We want to fund companies that have the potential to create a million jobs.

There are a lot of areas where it makes sense to divide labor between humans and computers-—we are very good at some things computers are terrible at and vice versa—-and some of these require huge amounts of human resources.

This is both good for the world and likely a good business strategy—-as existing jobs go away, a company that creates a lot of new jobs should be able to get a lot of talented people.


The internet has made it easy to distribute creative work to millions of people, but no one has figured out how to help creatives make a sustainable living.

In the arts, there is an army of middle men that exist between the artist and the fan. Each person in the middle takes a cut of each dollar made by the artist. We want to see more startups that are building a direct pipeline from artist to fan.

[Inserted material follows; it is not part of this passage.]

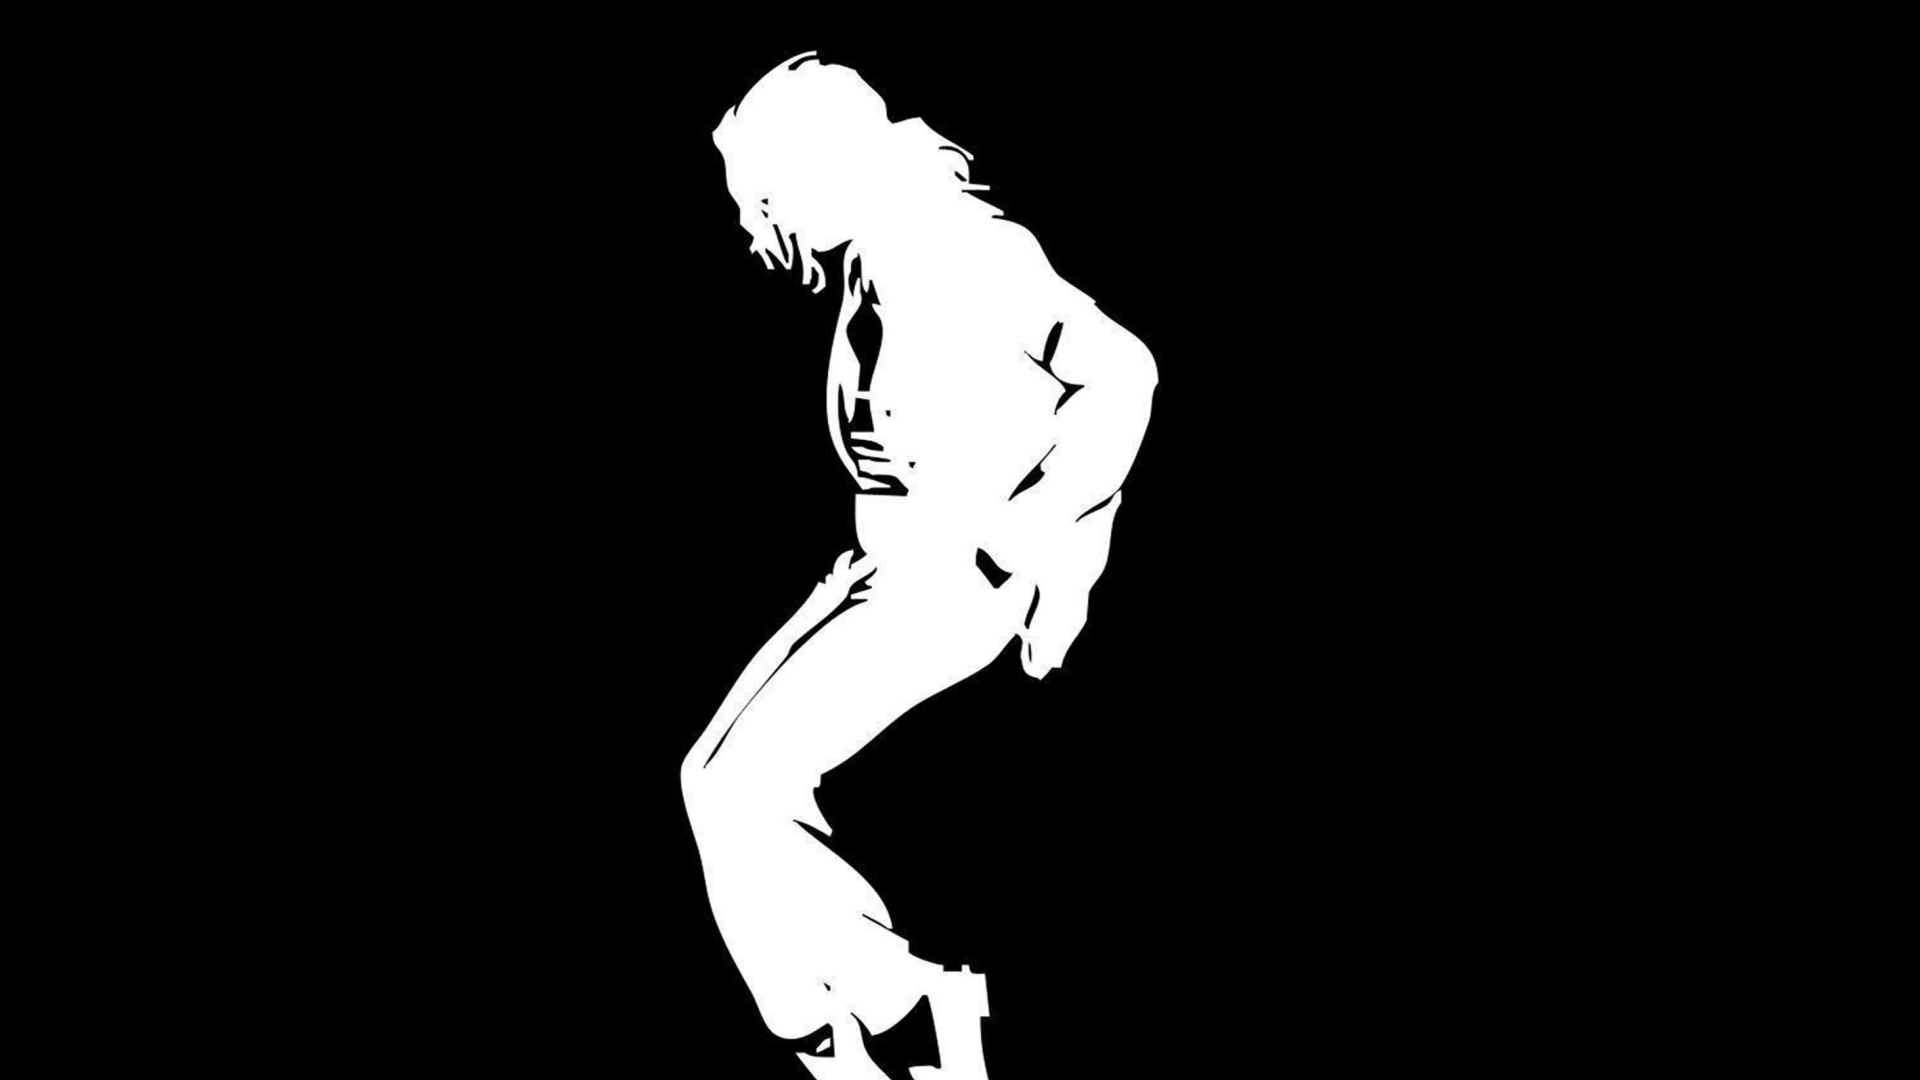 Michael Jackson wallpaper 1920x1080

We believe there are ways to build more creator-friendly platforms, and we’re interested in seeing projects that make it easier for artists to raise funding, track consumption of their work and prevent piracy.


About half of all energy is used on transportation, and people spend a huge amount of time unhappily commuting.

Face-to-face interaction is still really important; people still need to move around. And housing continues to get more expensive, partially due to difficulties in transportation. We’re interested in better ways for people to live somewhere nice, work together, and have easier commutes.

Specifically, lightweight, short-distance personal transportation is something we’re interested in.


Tens of millions of working poor in America don’t see a path to the middle class.

This population has to navigate a world with substandard services, low quality housing, overcrowded schools, and crime in their neighborhoods. They are often unbanked and living paycheck to paycheck.

The US government alone spends hundreds of billions of dollars per year on social services and safety net programs for these underserved communities.

We believe great non-profits and for-profits can bring technology and strong metrics-driven approaches to this largely ignored, massive market.

VR and AR 🔗

Virtual reality and augmented reality have been a long-unfulfilled promise.

But we feel the wave is coming, and this is the right time to start working on it.